What is the cost of recovering from a hacker attack?
What is the value lost if critical devices were to fail?
What is the single loss expectancy (SLE) for each asset and each threat?
These are some general questions, while the specific questions will depend upon the types of threats the team uncovers. The team then needs to calculate the probability and frequency of the identified vulnerabilities being exploited.
Identify countermeasures and determine cost/benefit:
The team then needs to identify countermeasures and solutions to reduce the potential damages from the identified threats. A security countermeasure must make good business sense, meaning that it is cost-effective and that its benefit outweighs its cost.
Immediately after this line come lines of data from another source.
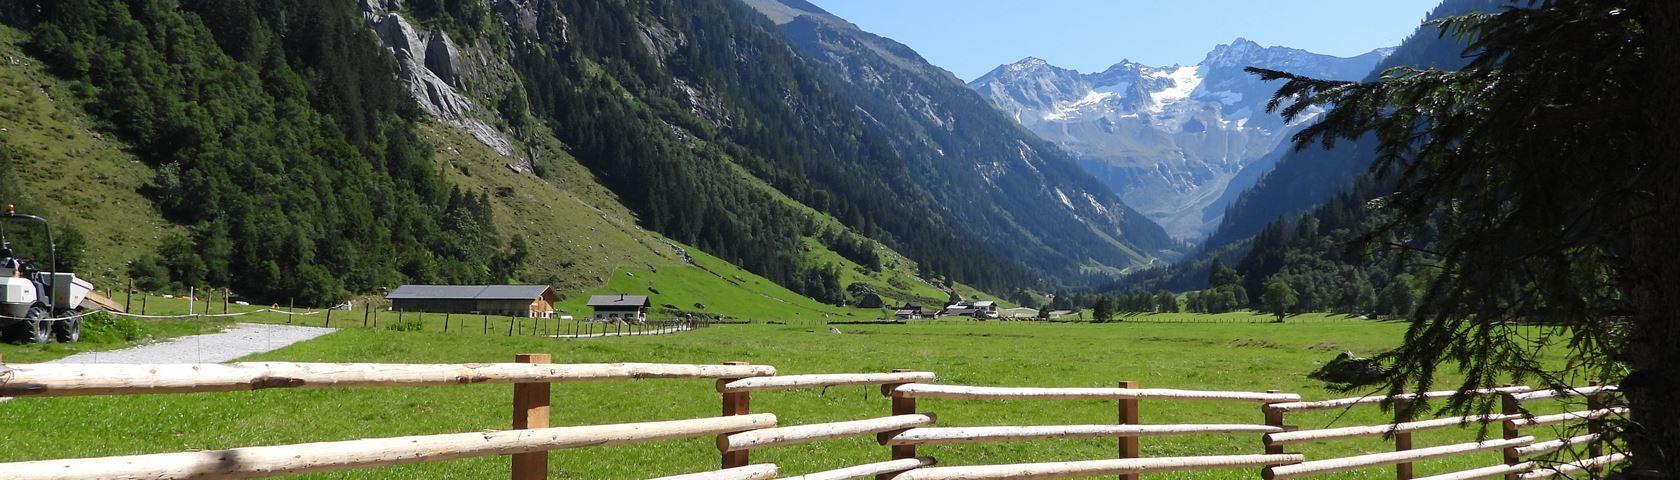 Surrounding Stilluptal in Zillertal
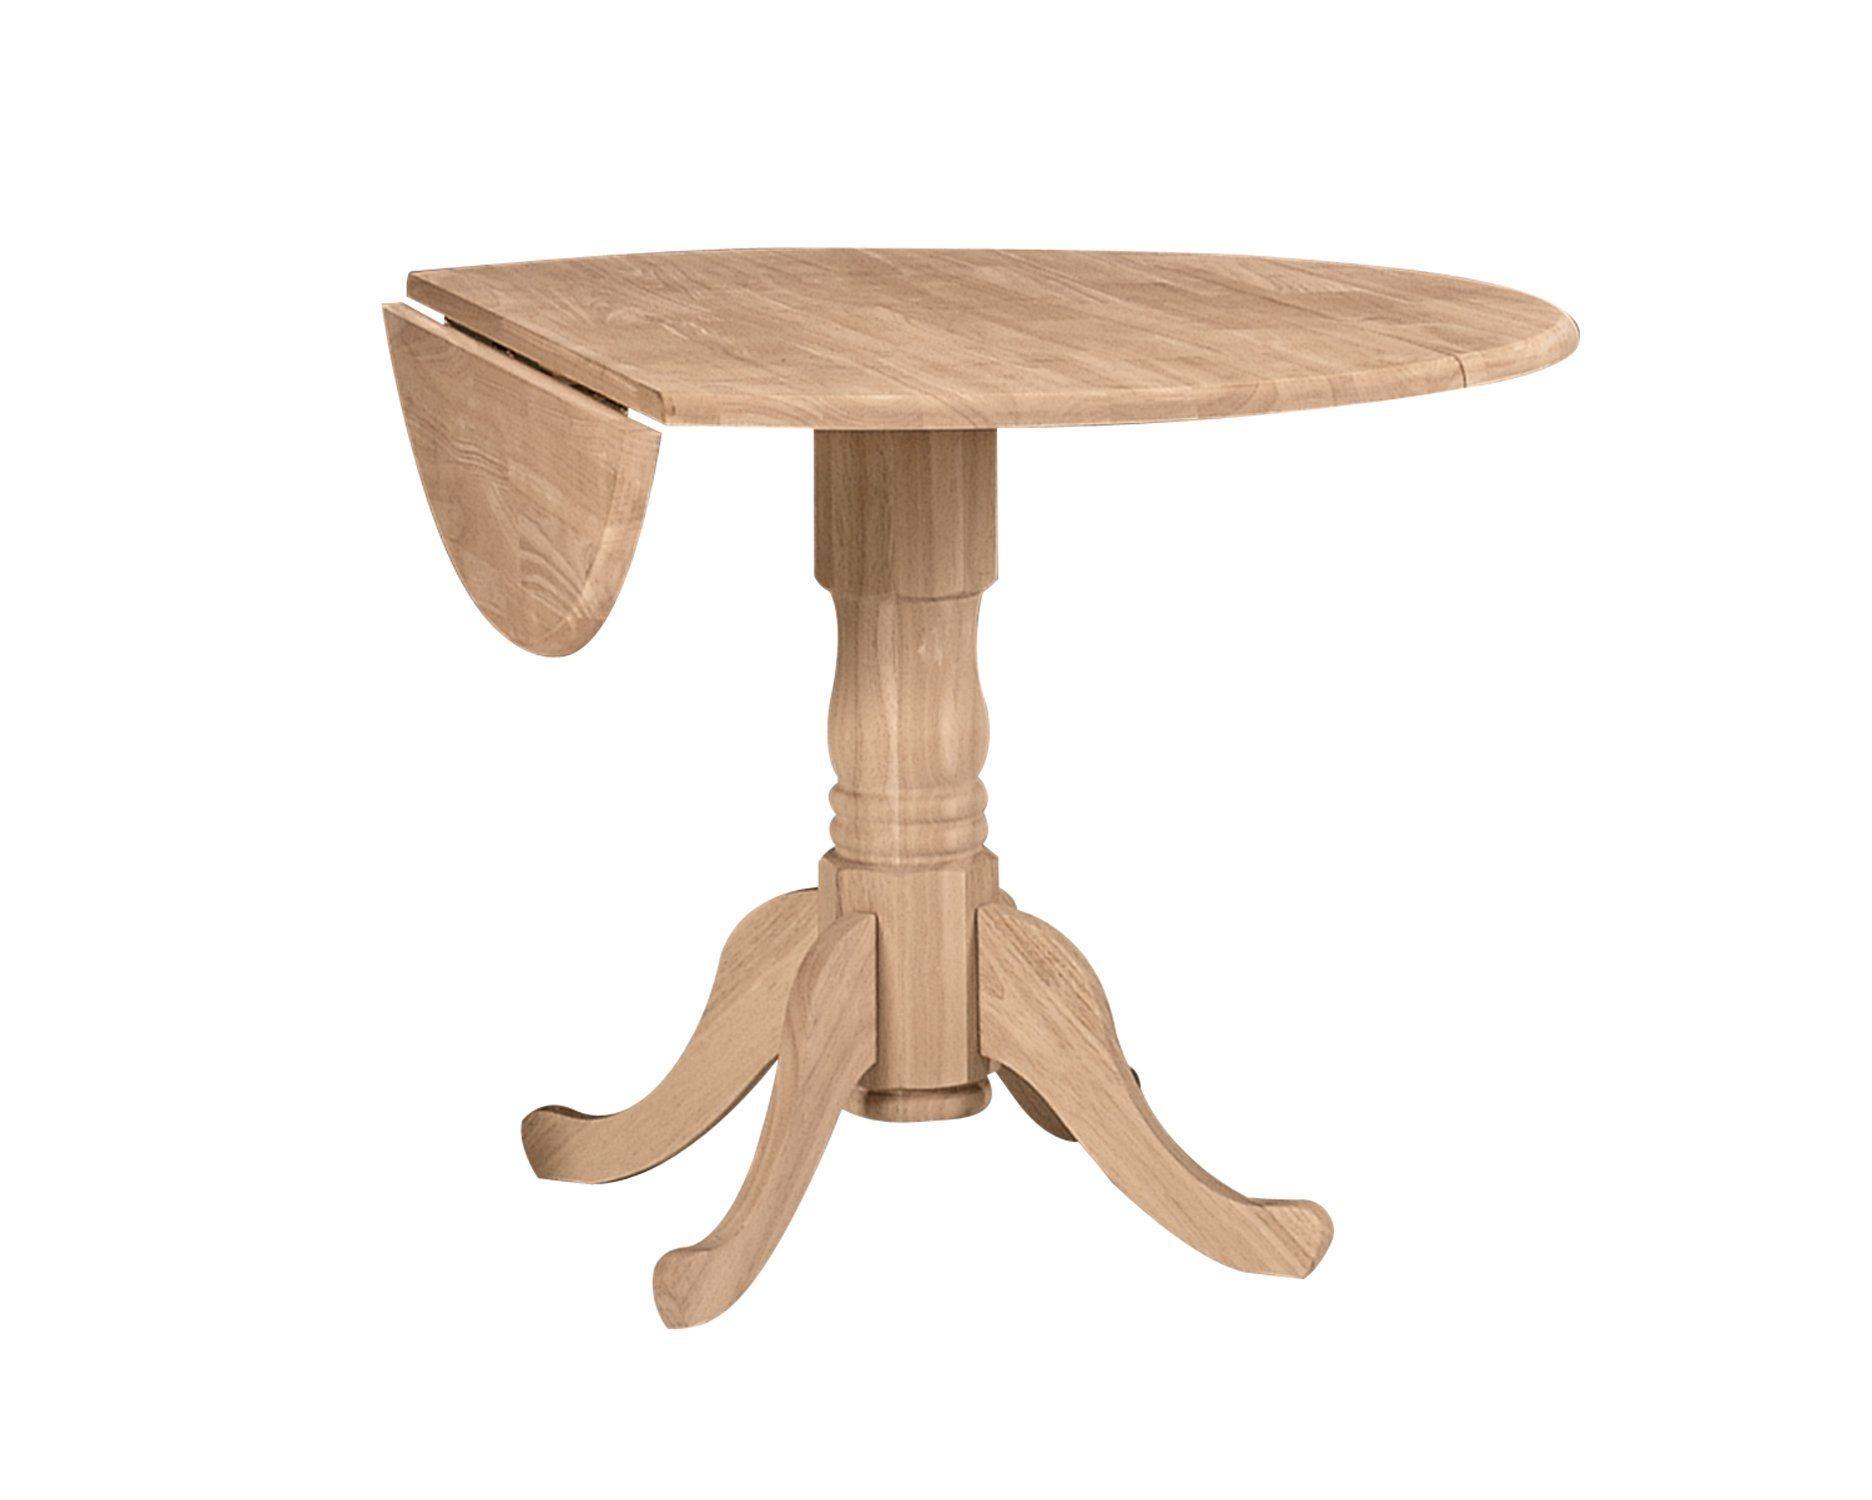 Ww T 42dp 42 Round Drop Leaf Pedestal Table Dining Table Drop Leaf Table Dining Table In Kitchen
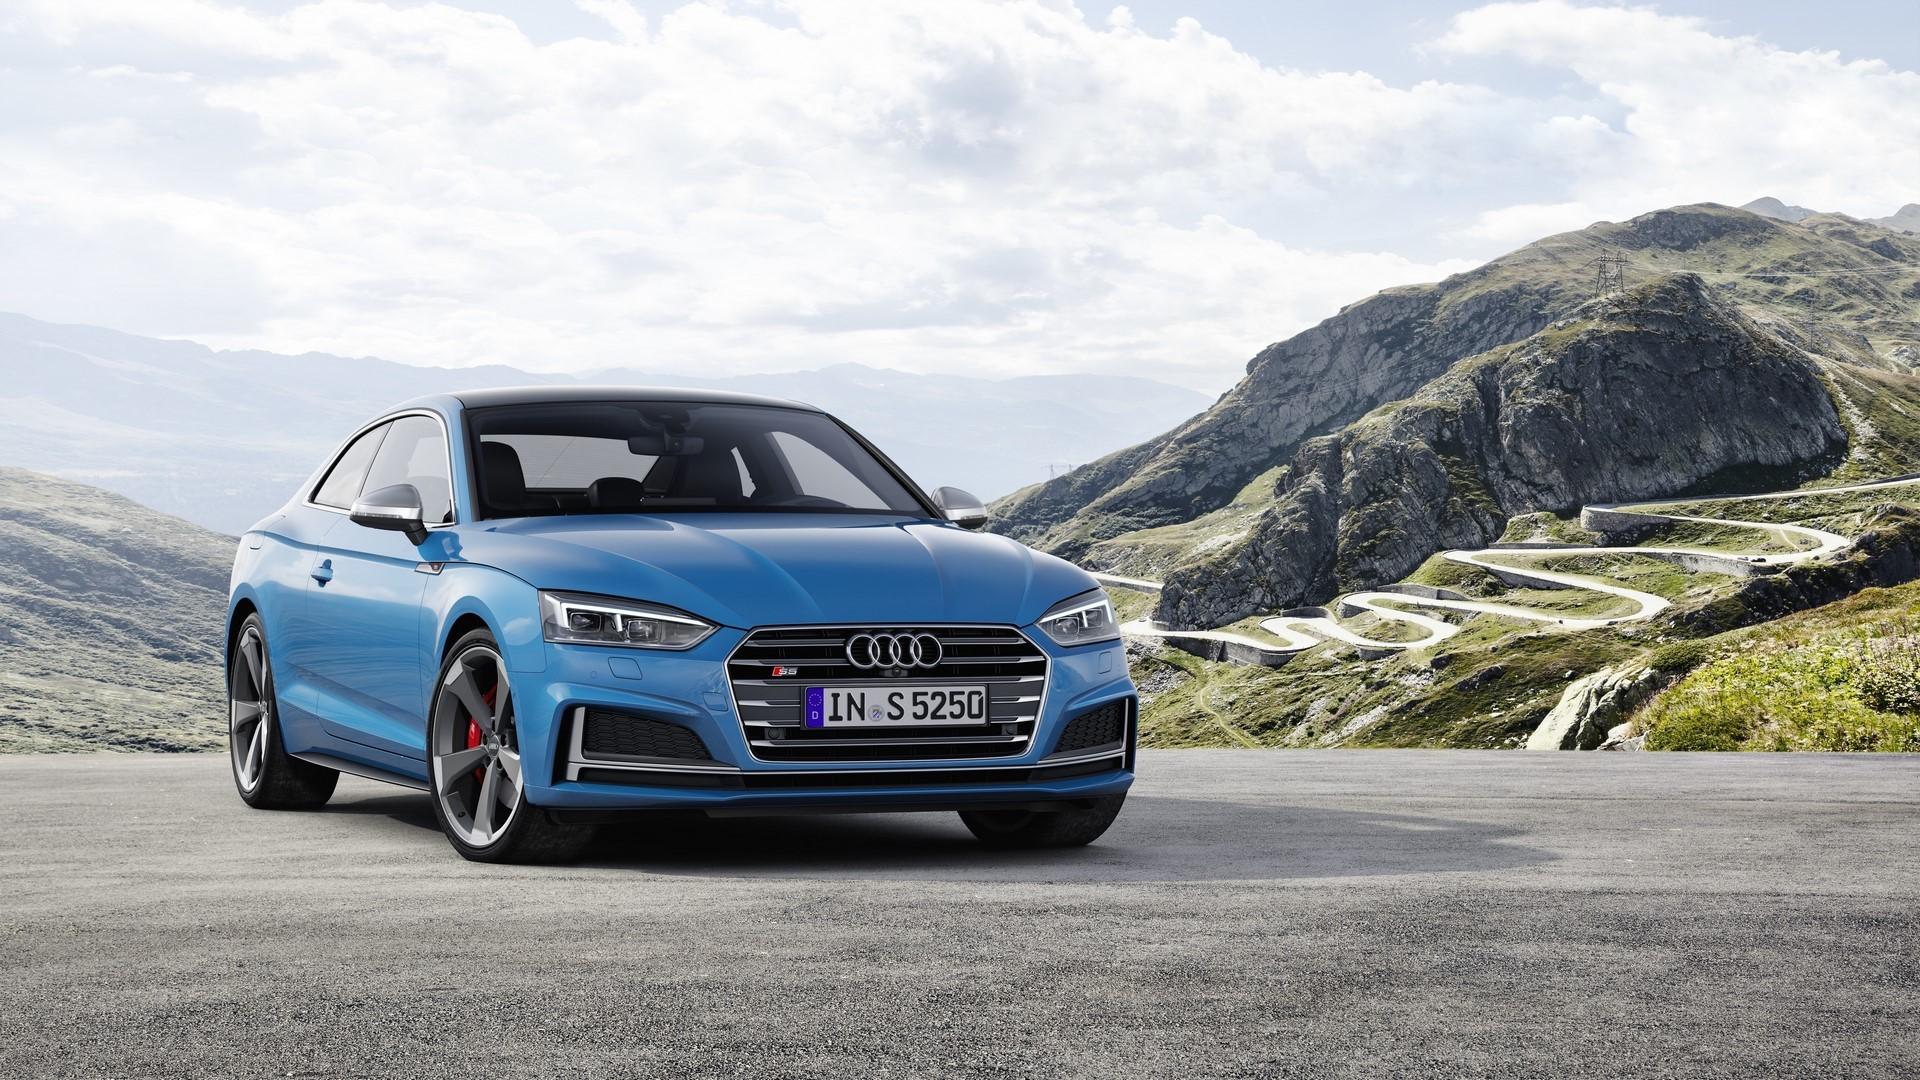 Audi-S5-TDI-Coupe-13
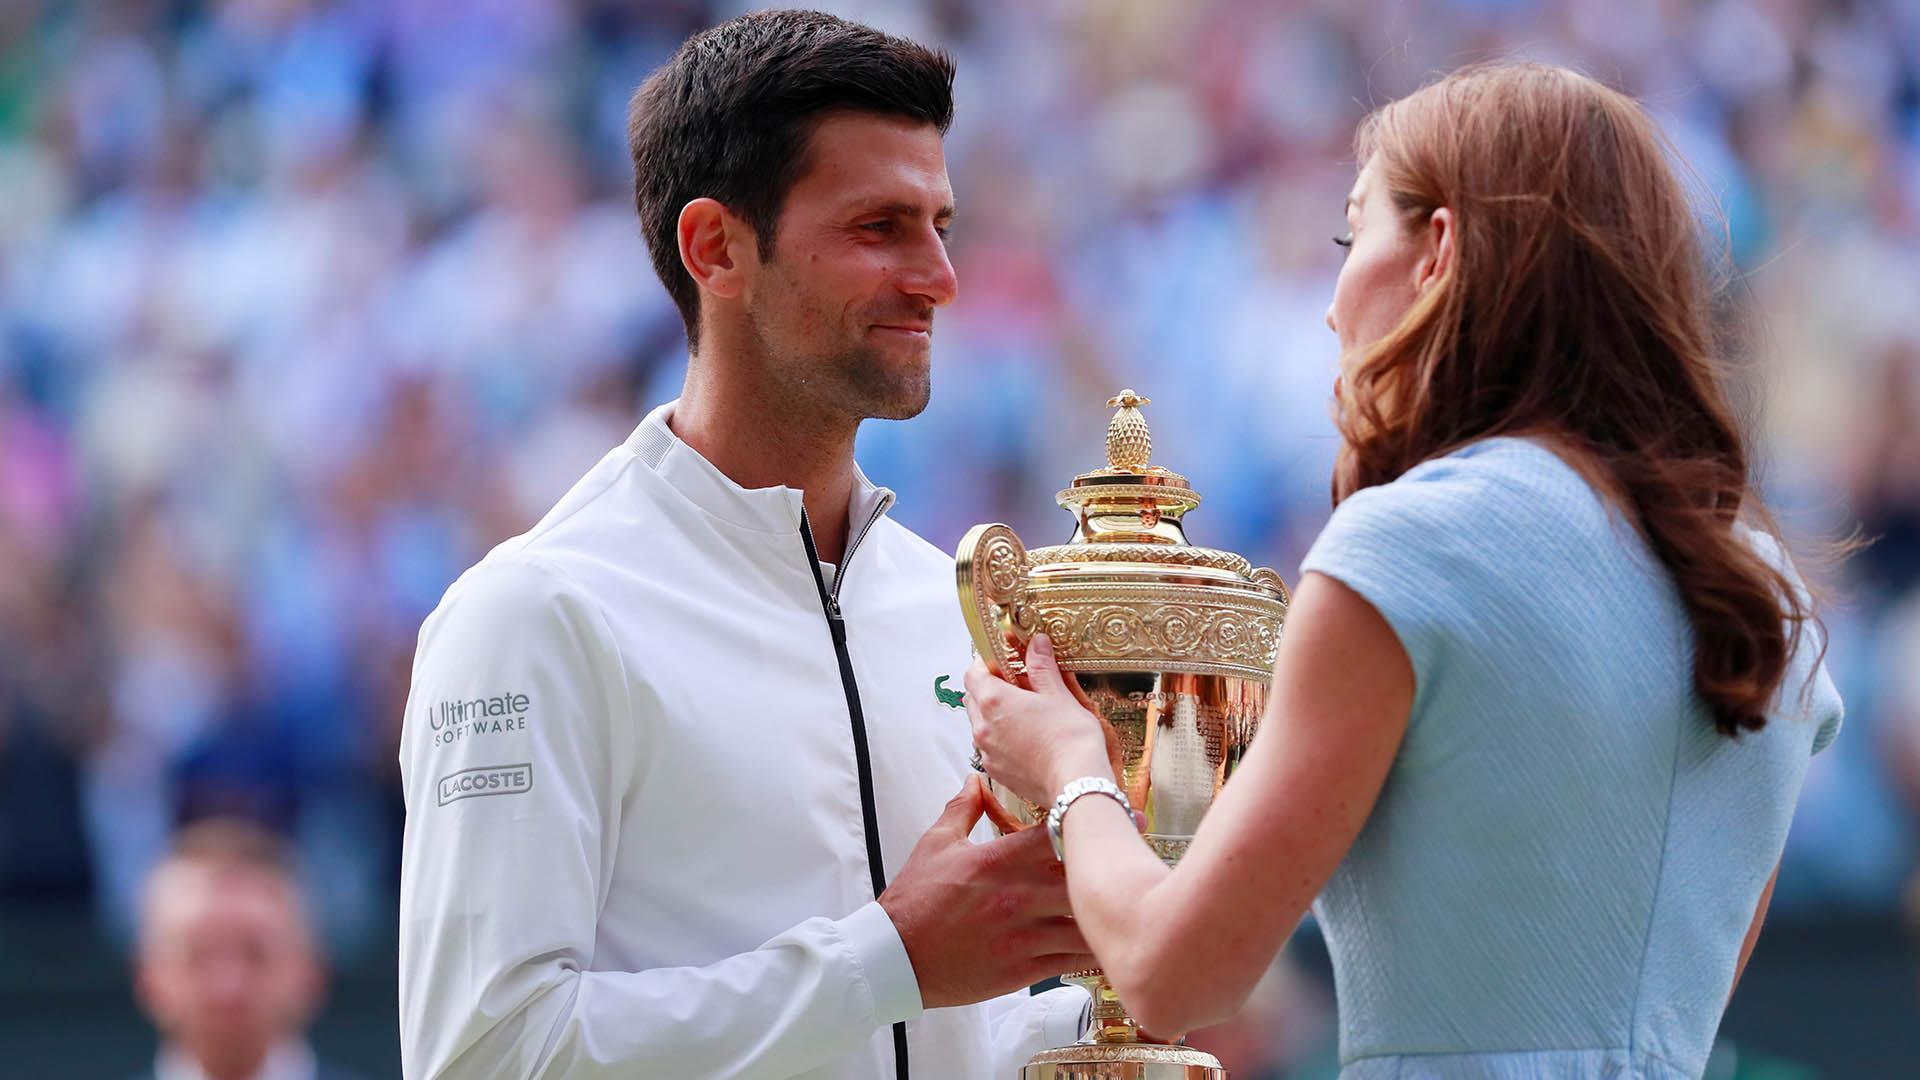 Kate Middleton le entrega el trofeo a Djokovic (REUTERS)

This requires another type of analysis: a cost/benefit analysis.
A commonly used cost/benefit calculation can be given as:
Value of safeguard to the company =
(ALE before implementing safeguard) – (ALE after implementing safeguard) – (annual cost of safeguard)
For example, if the ALE of the threat of a hacker bringing down a Web server is $12,000 prior to implementing the suggested safeguard, $3,000 after implementing the safeguard, and the annual cost of maintenance and operation of the safeguard is $650, then the value of this safeguard to the company is $8,350 each year.
The following items need to be considered and evaluated when deriving the full cost of a countermeasure:
Compatibility with other countermeasures
Repair, replacement or update costs
Operating and support costs
Effects on productivity
It is important that the team knows how to calculate the actual cost of a countermeasure to properly weigh it against the benefit and savings the countermeasure is supposed to provide.
The following is a short list of what generally is expected from the results of a risk analysis:
Monetary values assigned to assets
Comprehensive list of all possible and significant threats
Probability of the occurrence rate of each threat
Loss potential the company can endure per threat in a 12-month time span
Recommended safeguards, countermeasures, and actions
Risk analysis can be divided into two major types:
Quantitative Risk Analysis
Qualitative Risk Analysis
Quantitative Risk Analysis:
A Quantitative risk analysis attempts to assign an objective numeric value (cost) to the components (assets and threats) of the risk analysis. In quantitative risk analysis all elements of the process, including asset value, impact, threat frequency, safeguard effectiveness, safeguard costs, uncertainty, and probability are measured and assigned a numeric value. However, achieving a purely quantitative risk analysis is impossible.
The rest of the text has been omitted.